Zlib::Inflate.inflate(Base64.decode64(encoded_data))
#=> "some long yaml stringsome long yaml str ... (shortened, as the string is long :)

Disclaimer:

  • The ruby zlib implementation should be compatible with the pako implementation. But I have not tried it.
  • The numbers about string sizes are a little cheated. Zlib is really effective here, because the string repeats a lot. Real life data usually does not repeat as much.
Community
  • 1
  • 1
tessi
  • 13,313
  • 3
  • 38
  • 50
  • 3
    It seams I have down-voted this by accident few days ago as I don't recall doing it. If you please, make an edit so I can retract my accidental down-vote :( – Krule Sep 19 '16 at 08:34
  • 4
    @Krule thanks for being nice. First I wasn't sure if I find a useful update, but then I stumbled over pako which (it seems) is a far better zlib js library than zlib. So thanks for the reminder to look at my answer again, I could actually improve it :) – tessi Sep 19 '16 at 09:13
  • 7
    Please note that the output of `Zlib::Deflate.deflate` is not compatible with the format that the `gzip` command line utility generates and will not be accepted by `gunzip`, which expects some header data before the compressed content.

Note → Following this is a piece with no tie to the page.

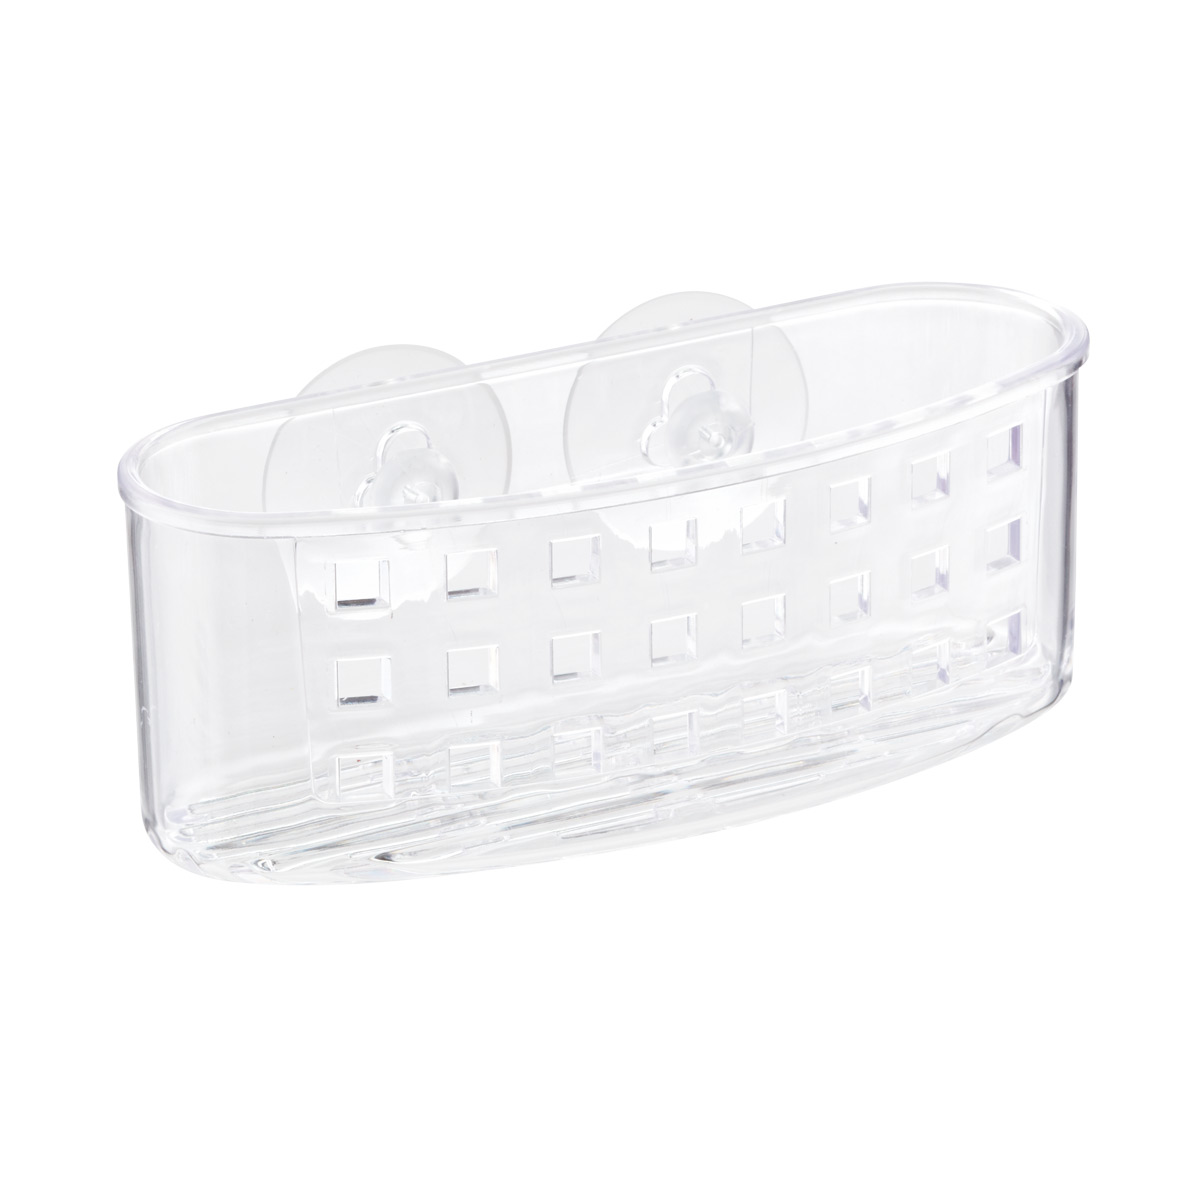 https://www.containerstore.com/catalogimages/332869/428141-suction-sink-center-clear.jpg
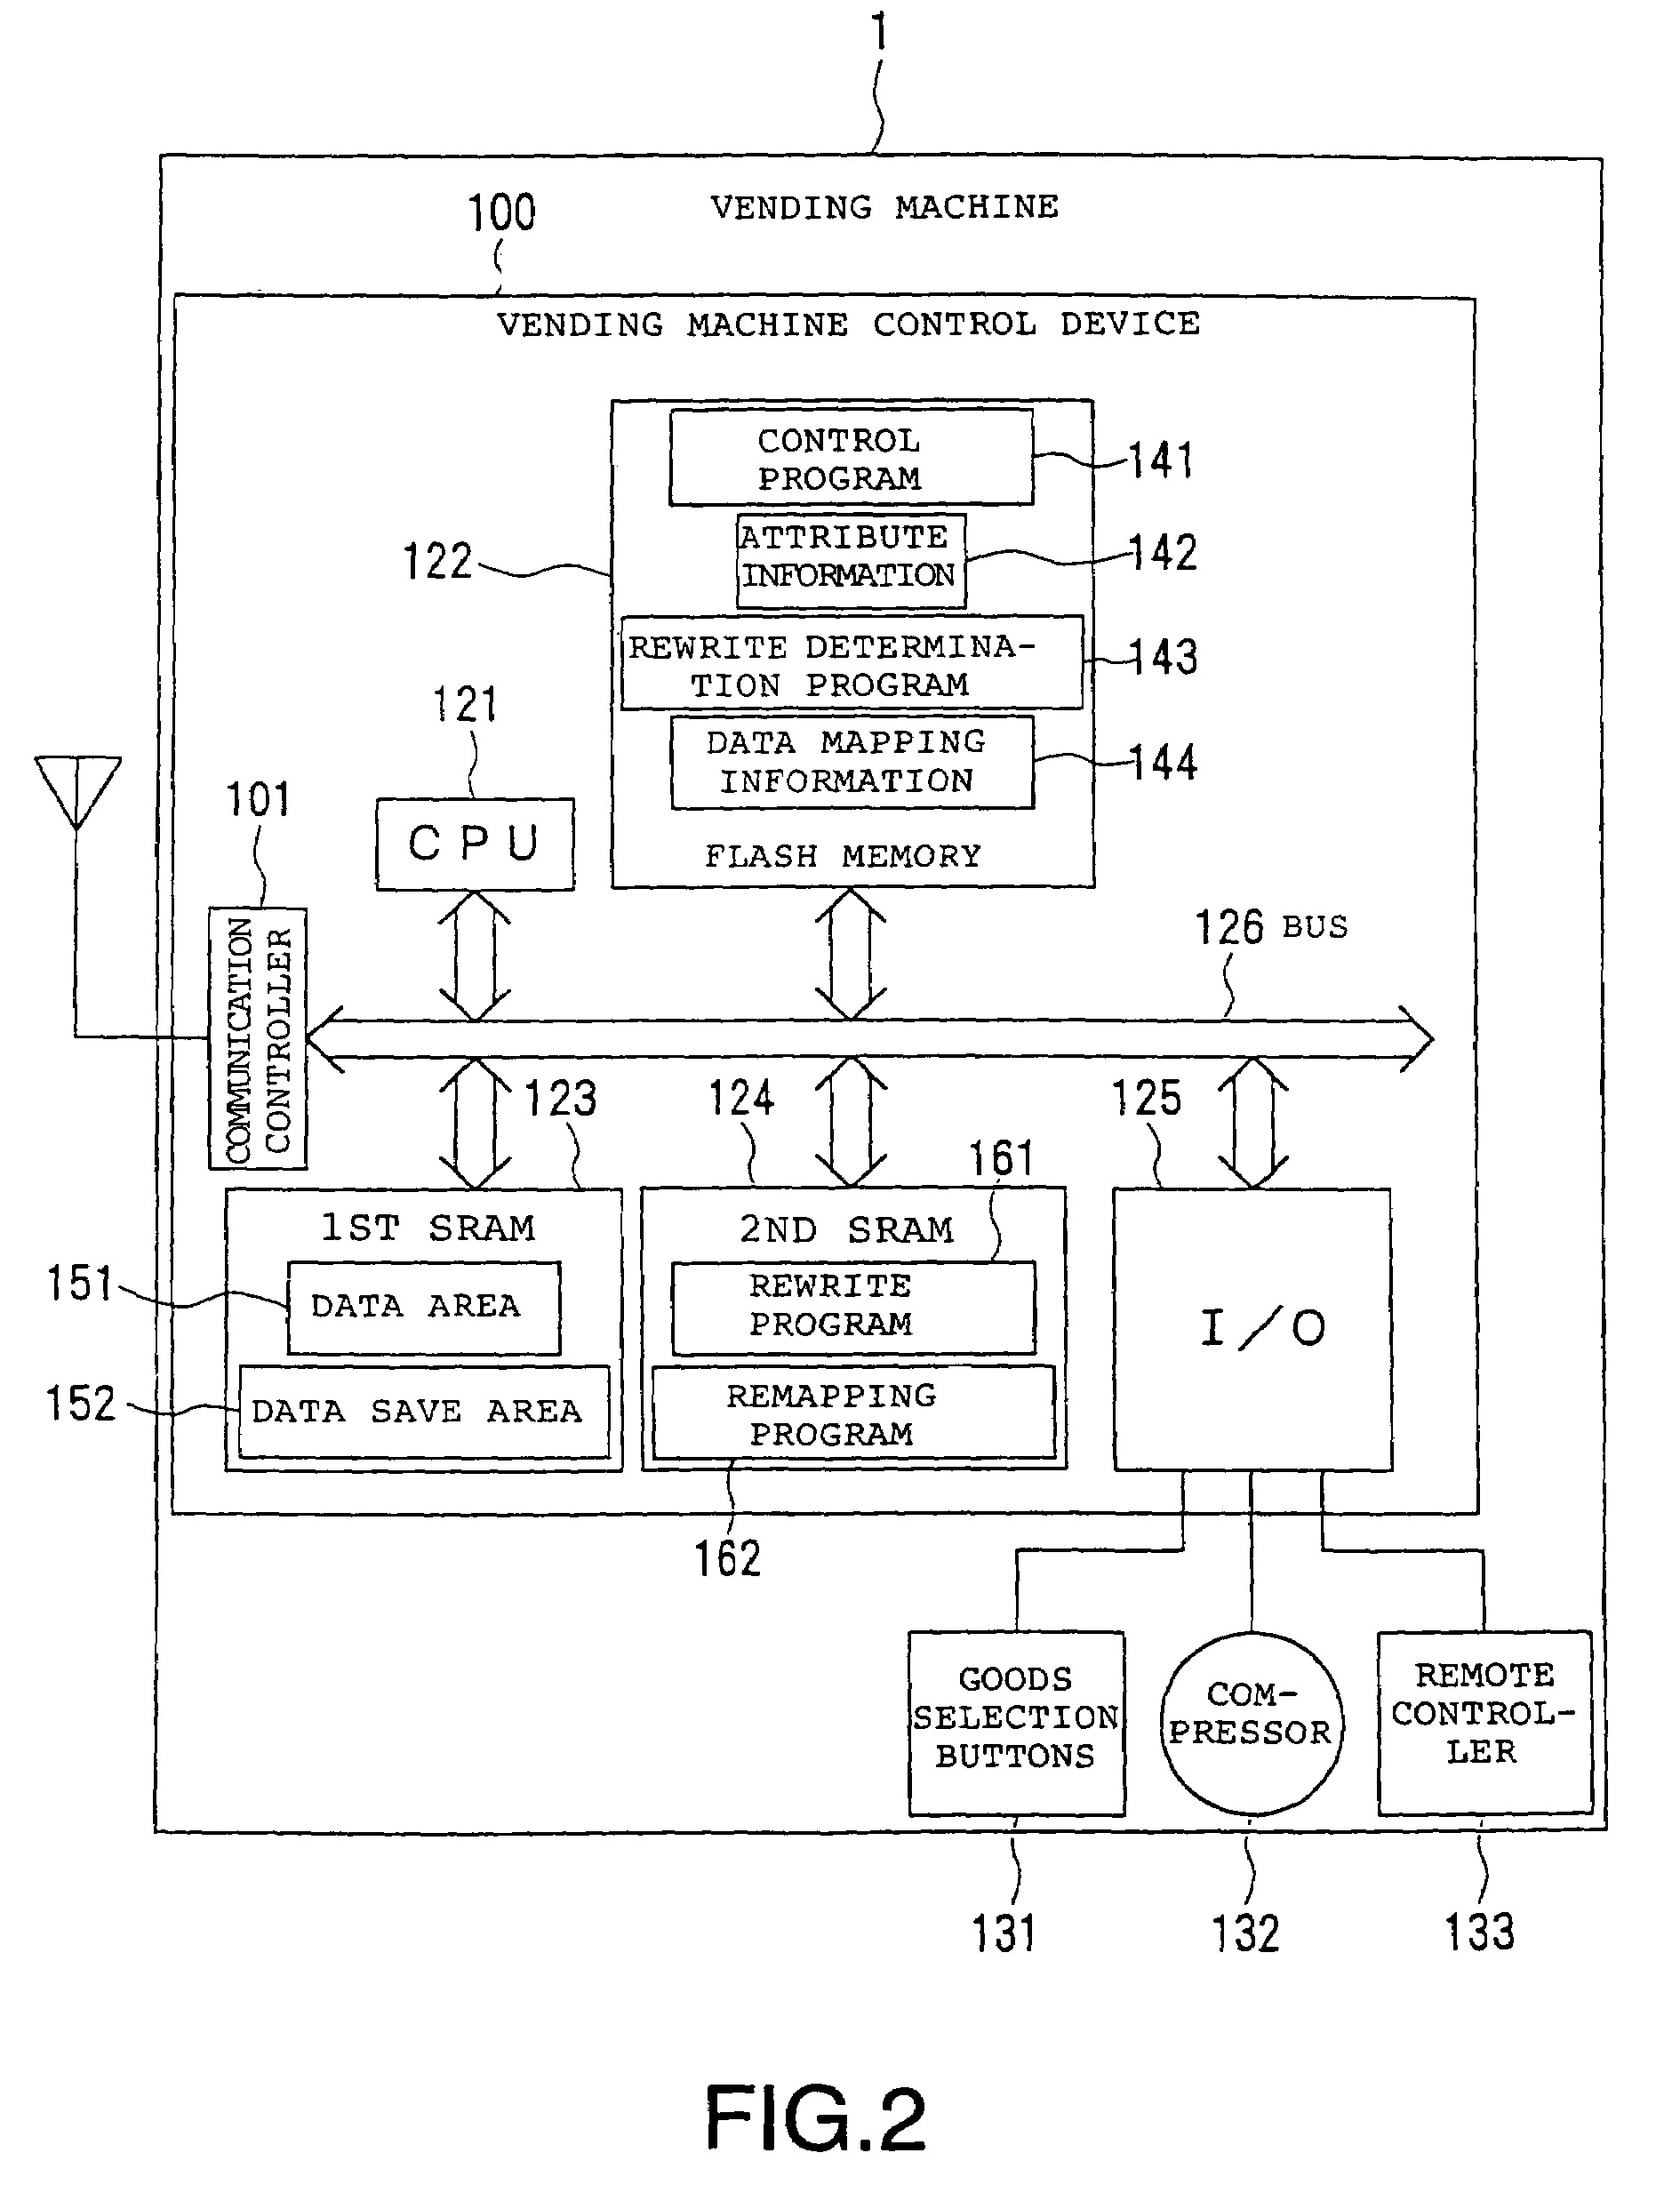 System for rewriting control program in vending machine

If you want to read the output using `gunzip`, the following code will be useful: `Zlib::Deflate.new(nil, 31).deflate(data, Zlib::FINISH)` – Guss Oct 03 '16 at 09:18
  • 1
    that is very efficient due to the example data set, which duplicates the test many times, in other examples it is less efficient. – Ian Vaughan Nov 04 '17 at 23:25
0

If you are working on a Rails application, you can also use the ActiveSupport::Gzip wrapper that allows compression/decompression of strings with gzip.

compressed_log = ActiveSupport::Gzip.compress('large string')
=> "\x1F\x8B\b\x00yq5c\x00\x03..."

original_log = ActiveSupport::Gzip.decompress(compressed_log)
=> "large string"

Behind the scenes, the compress method uses the Zlib::GzipWriter class which writes gzipped files. Similarly, the decompress method uses Zlib::GzipReader class which reads a gzipped file.

software_writer
  • 3,941
  • 9
  • 38
  • 64